O inquérito analisou como Skripal e Sturgess foram expostos ao agente nervoso e como as autoridades lidaram com o risco à população. No caso Skripal, o uso de novichok por agentes alegados da Rússia levou à expulsão de 23 diplomatas britanicos. A investigação também avaliou a resposta de serviços de saúde, polícia e bombeiros, bem como a comunicação com o público.

Acesso à proteção pública e comunicação

Relatos indicam que houve críticas à proteção de Skripal, com questionamentos sobre CCTV e medidas de vigilância. Também houve discussões sobre avisos à população e se mais notificações deveriam ter sido emitidas após o ataque de março de 2018. No episódio de Sturgess, responsável pela morte, a família questiona a efetividade das medidas protetivas na cidade de Salisbury.

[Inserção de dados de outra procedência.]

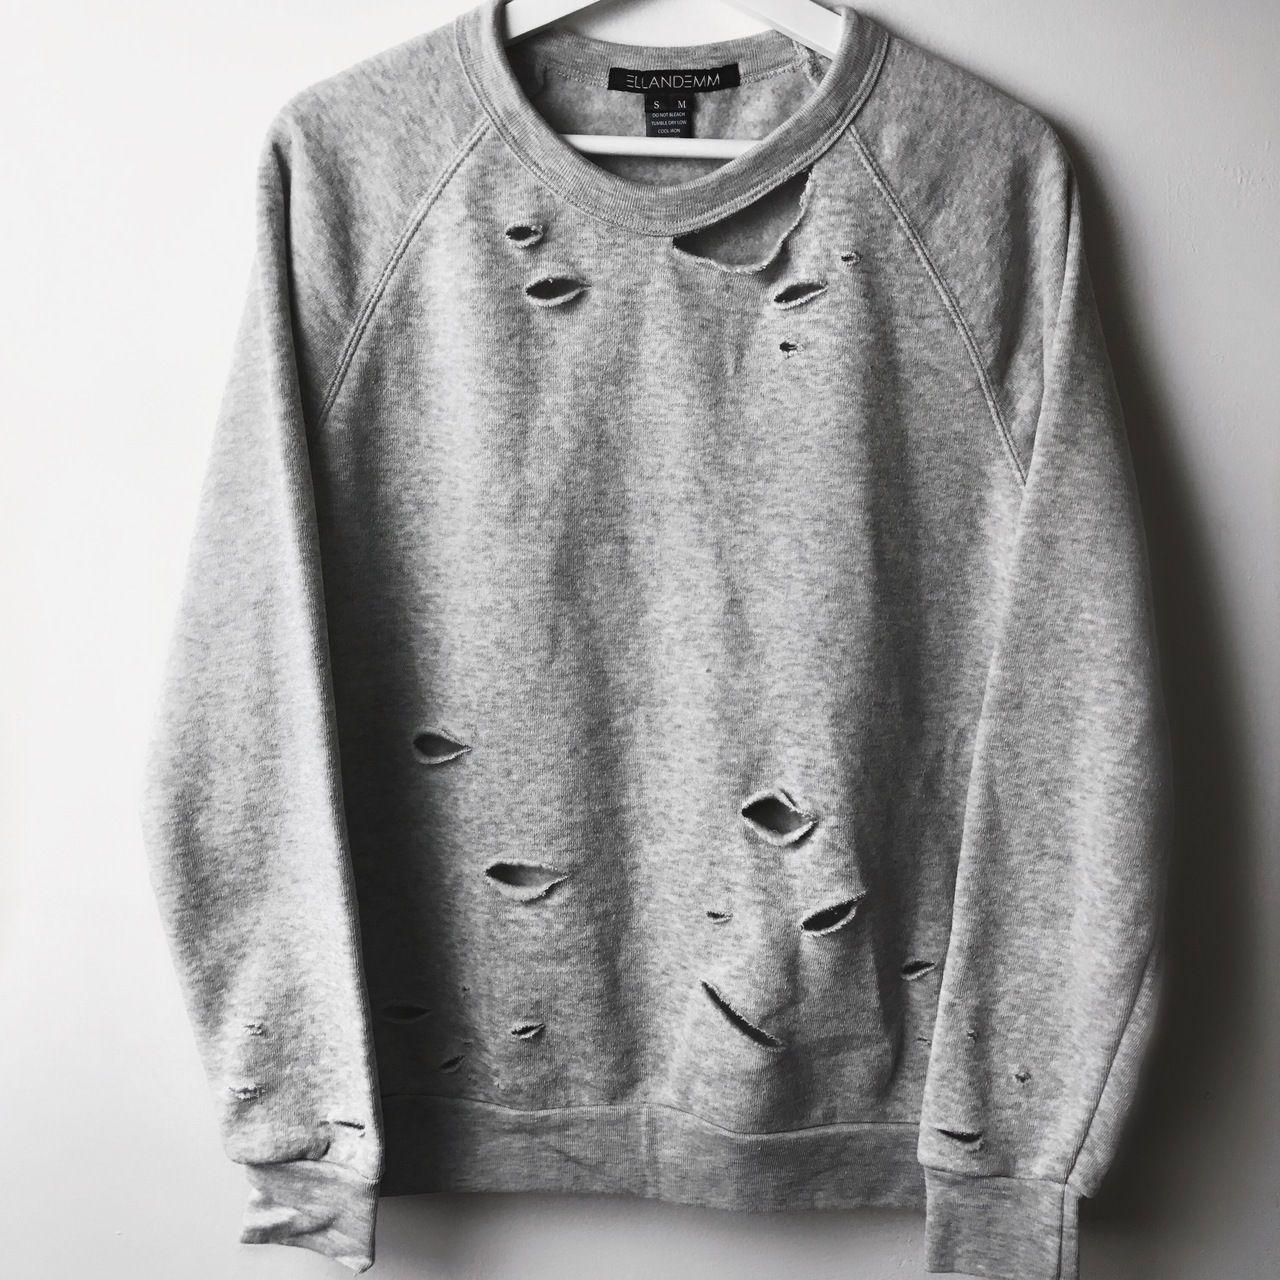 fd030bde43 EllandEmm - Distressed Sweatshirt - Oatmeal

Algumas informações sugerem que, após o caso de Sturgess, houve alerta público, embora haja divergência sobre o ritmo e a clareza das mensagens. O inquérito também destacou a atuação de profissionais de saúde, polícia e bombeiros, reconhecendo coragem, mas apontando falhas administrativas. O governo russo pediu esclarecimentos sobre várias peças do caso, que permanecem sem respostas definitivas.